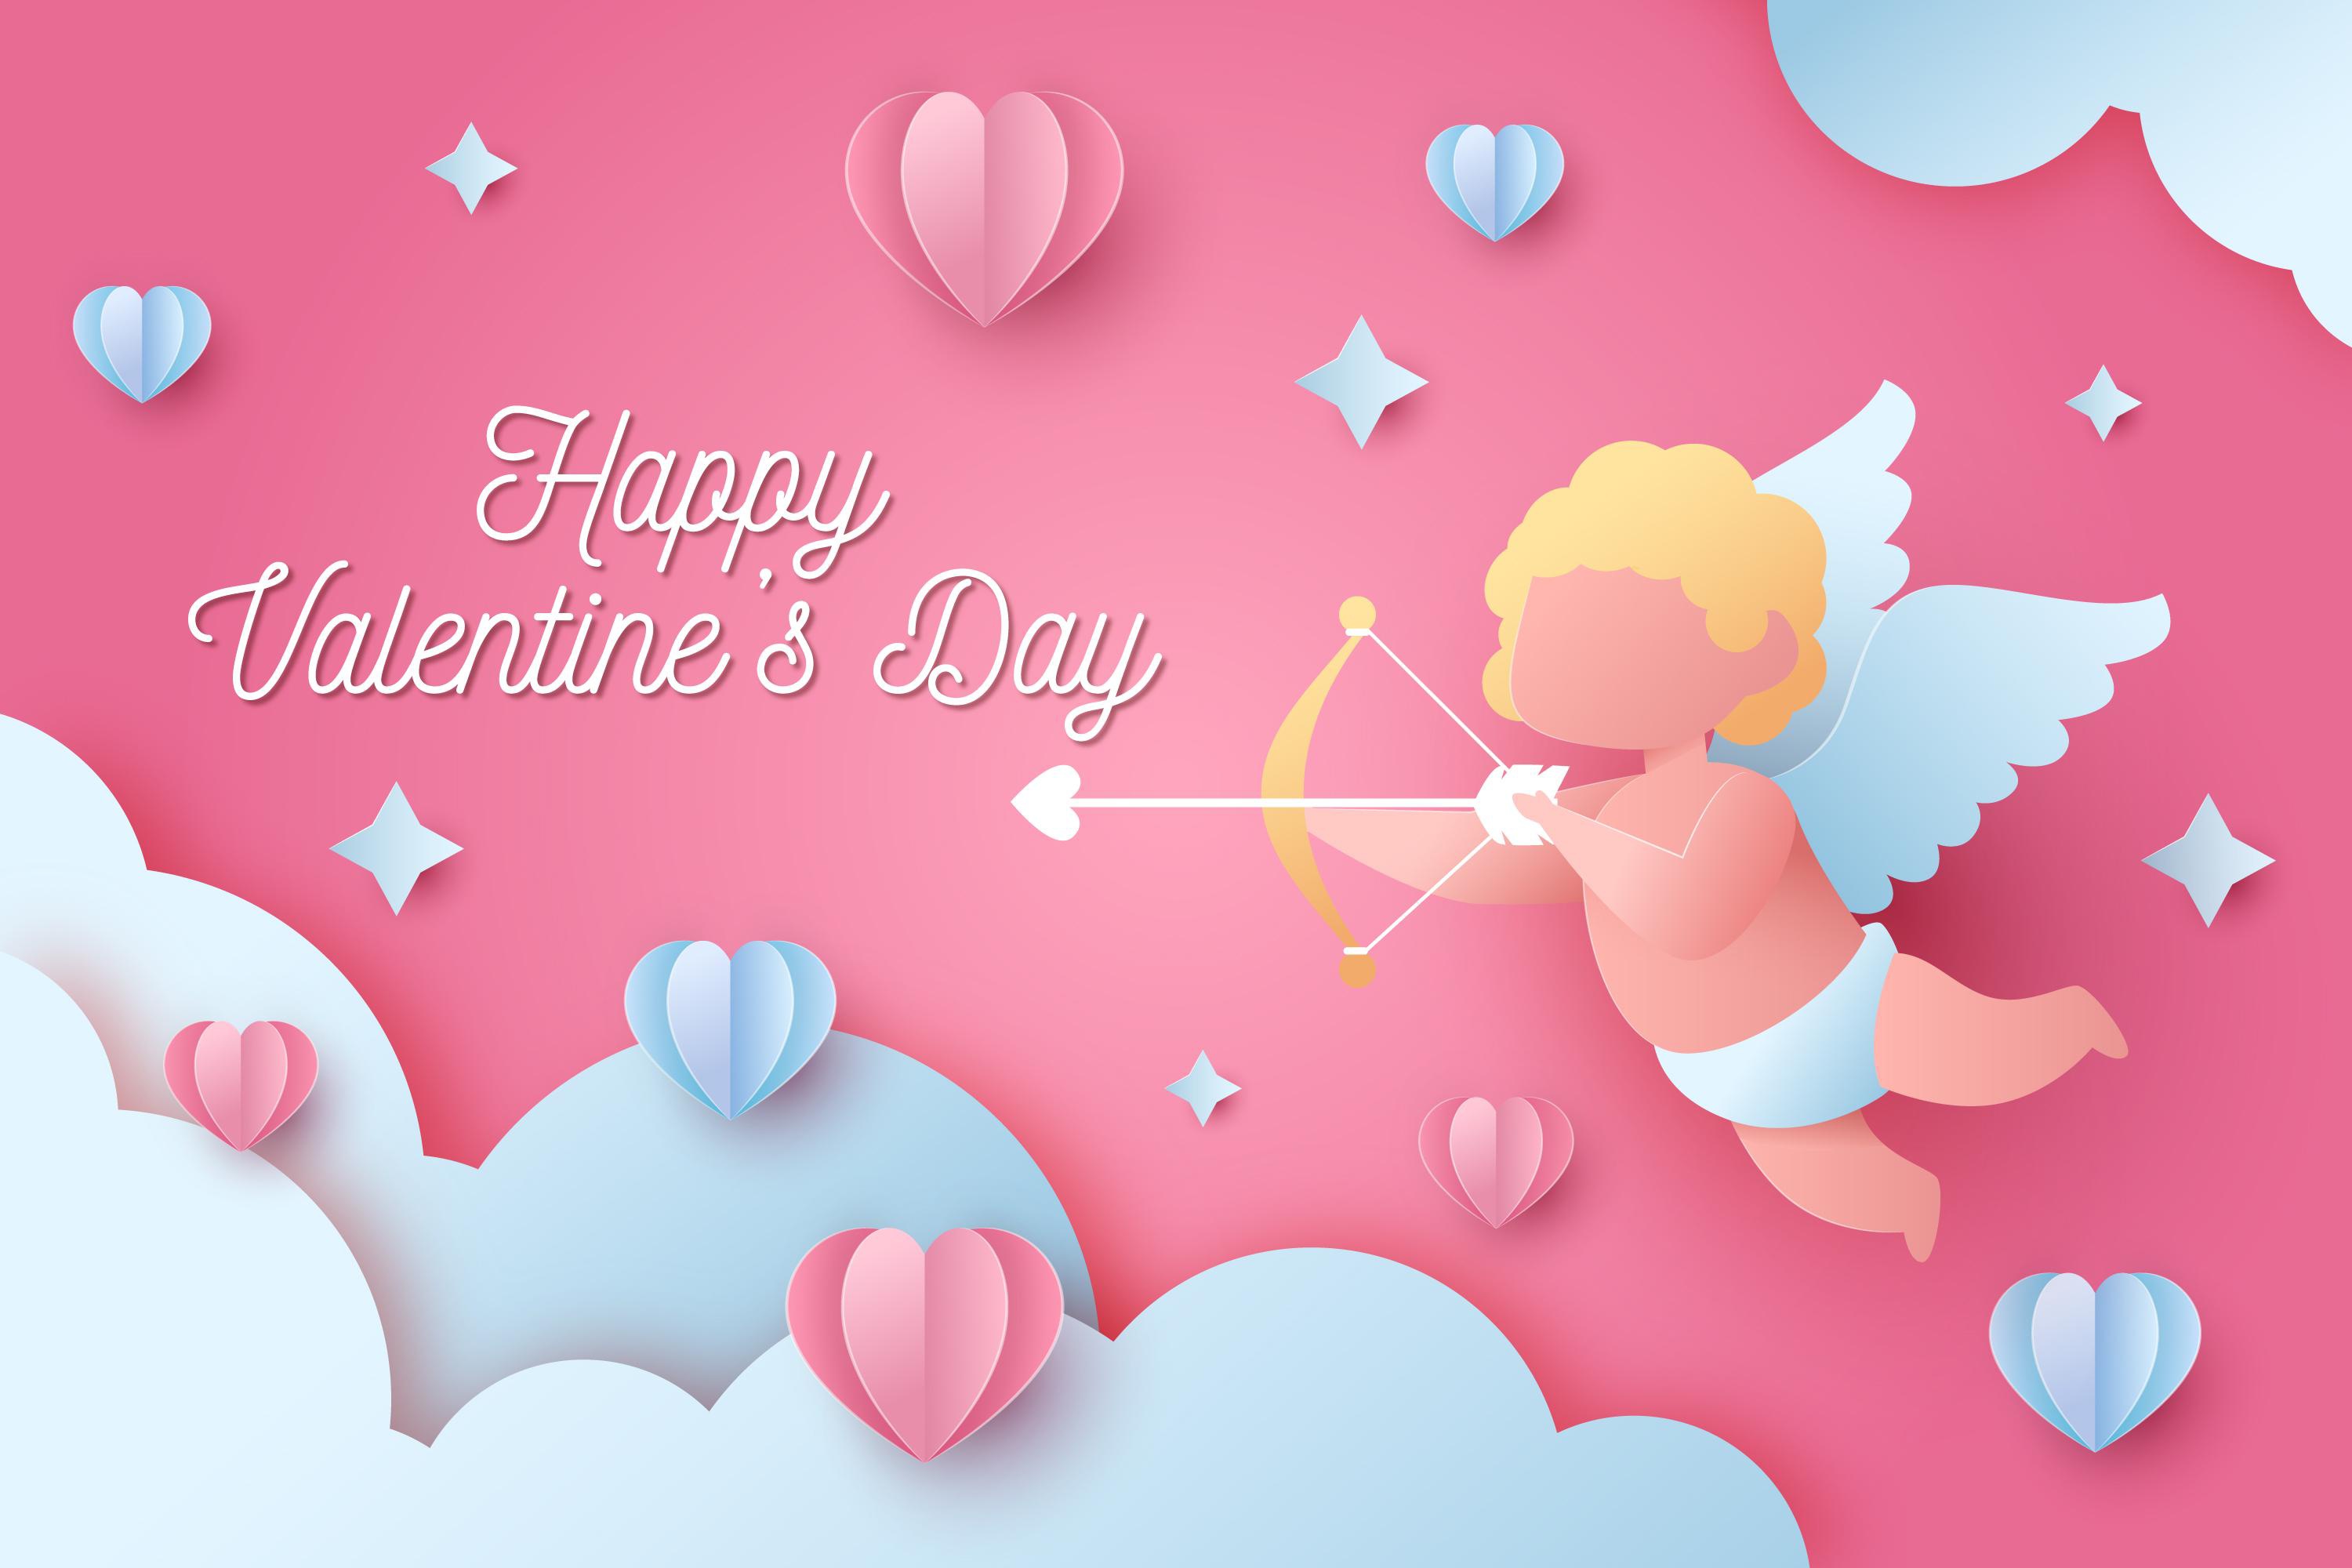 Cupid Images, HD Pictures For Free Vectors Download - Lovepik.com
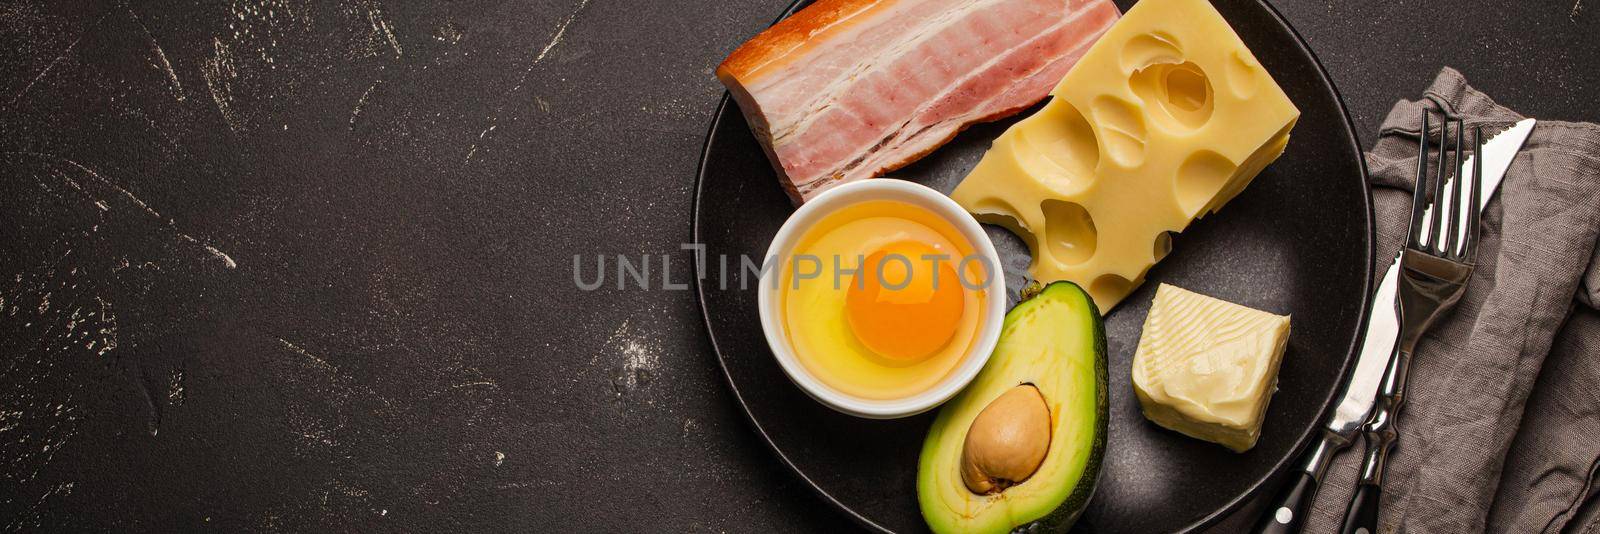 Foods for keto diet on black plate on dark background copy space by its_al_dente
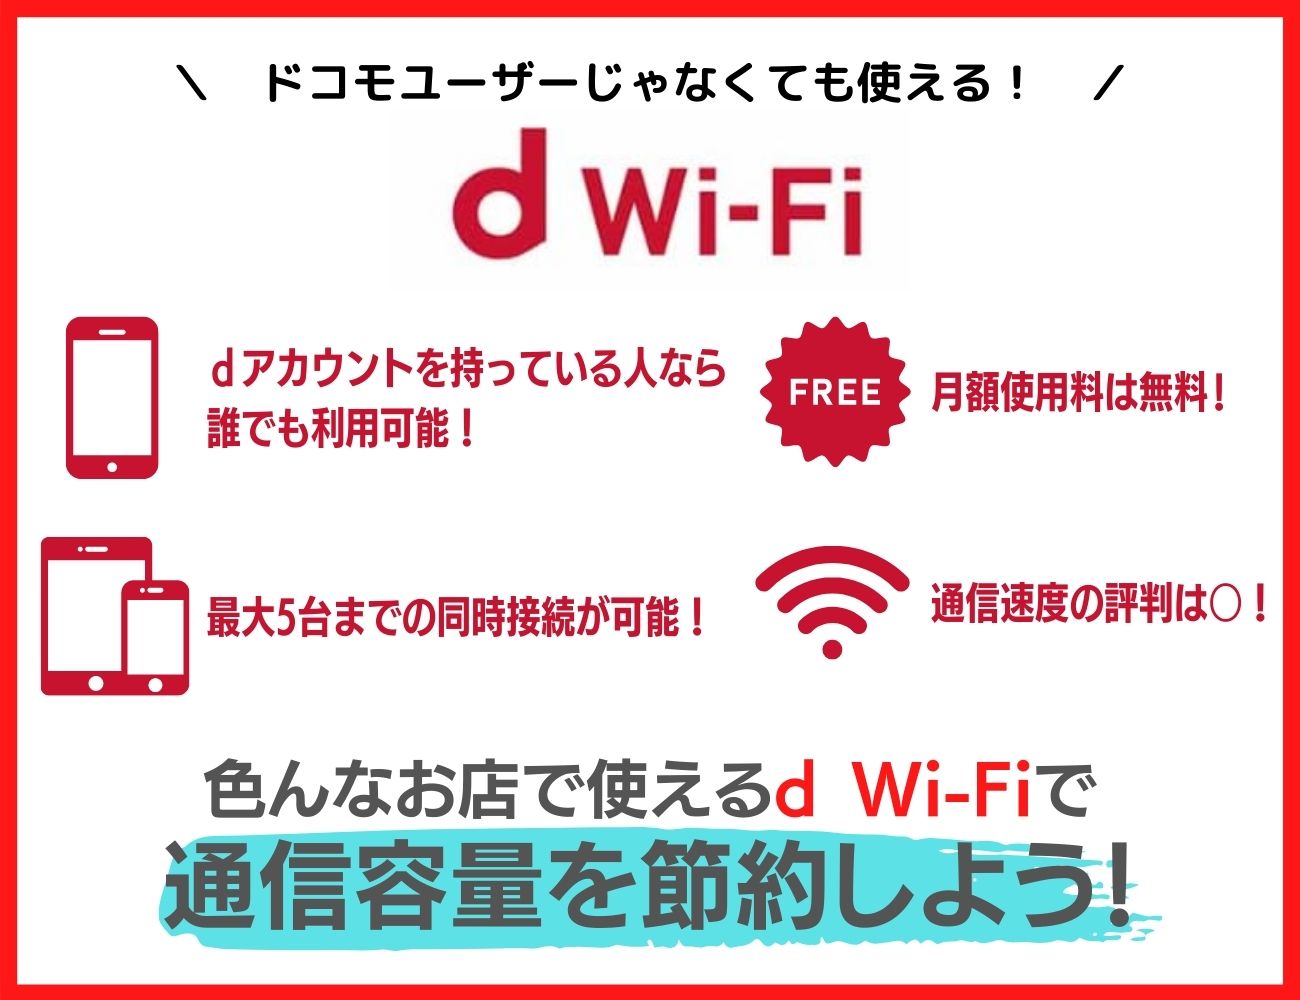 d Wi-Fiを有効活用して通信容量を節約しよう！
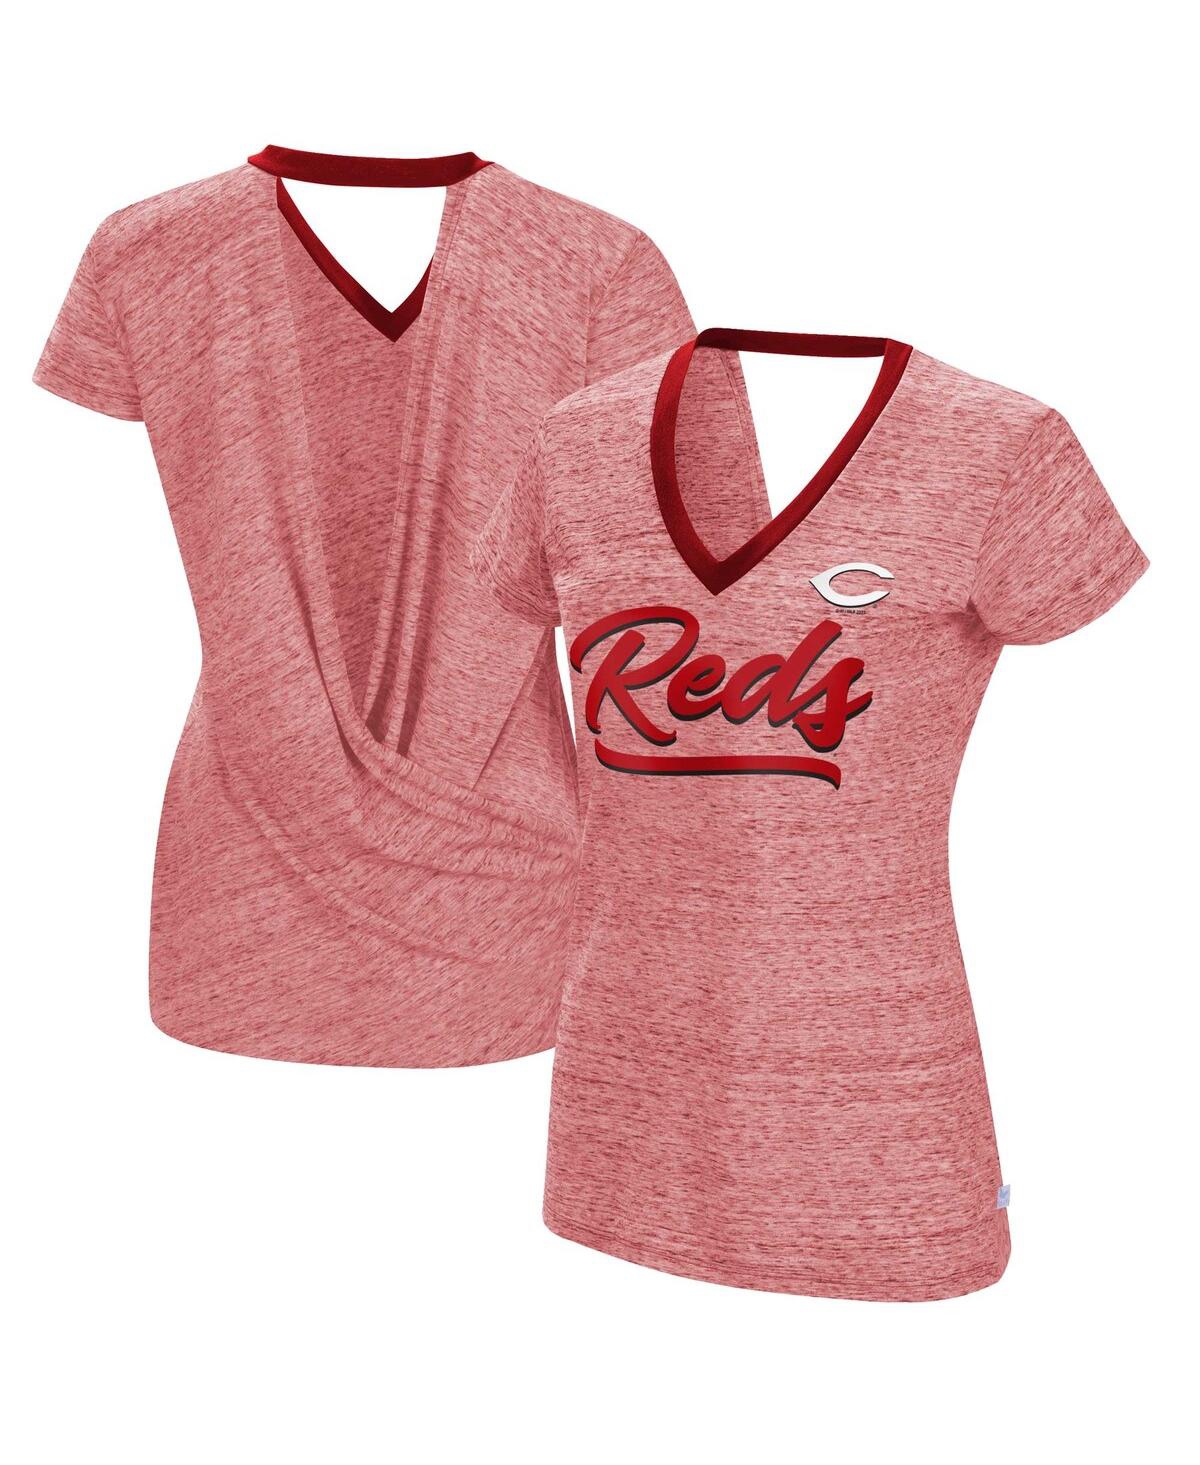 Women's Touch Red Cincinnati Reds Halftime Back Wrap Top V-Neck T-shirt - Red

◆ **TASK INSTRUCTIONS**: In your copy, restate the data above word for word but leave out any picture.

◆ **WRITTEN ANSWER**:
 Cupid Images, HD Pictures For Free Vectors Download - Lovepik.com
 Foods for keto diet on black plate on dark background copy space by its_al_dente
 d Wi-Fiを有効活用して通信容量を節約しよう！
 Women's Touch Red Cincinnati Reds Halftime Back Wrap Top V-Neck T-shirt - Red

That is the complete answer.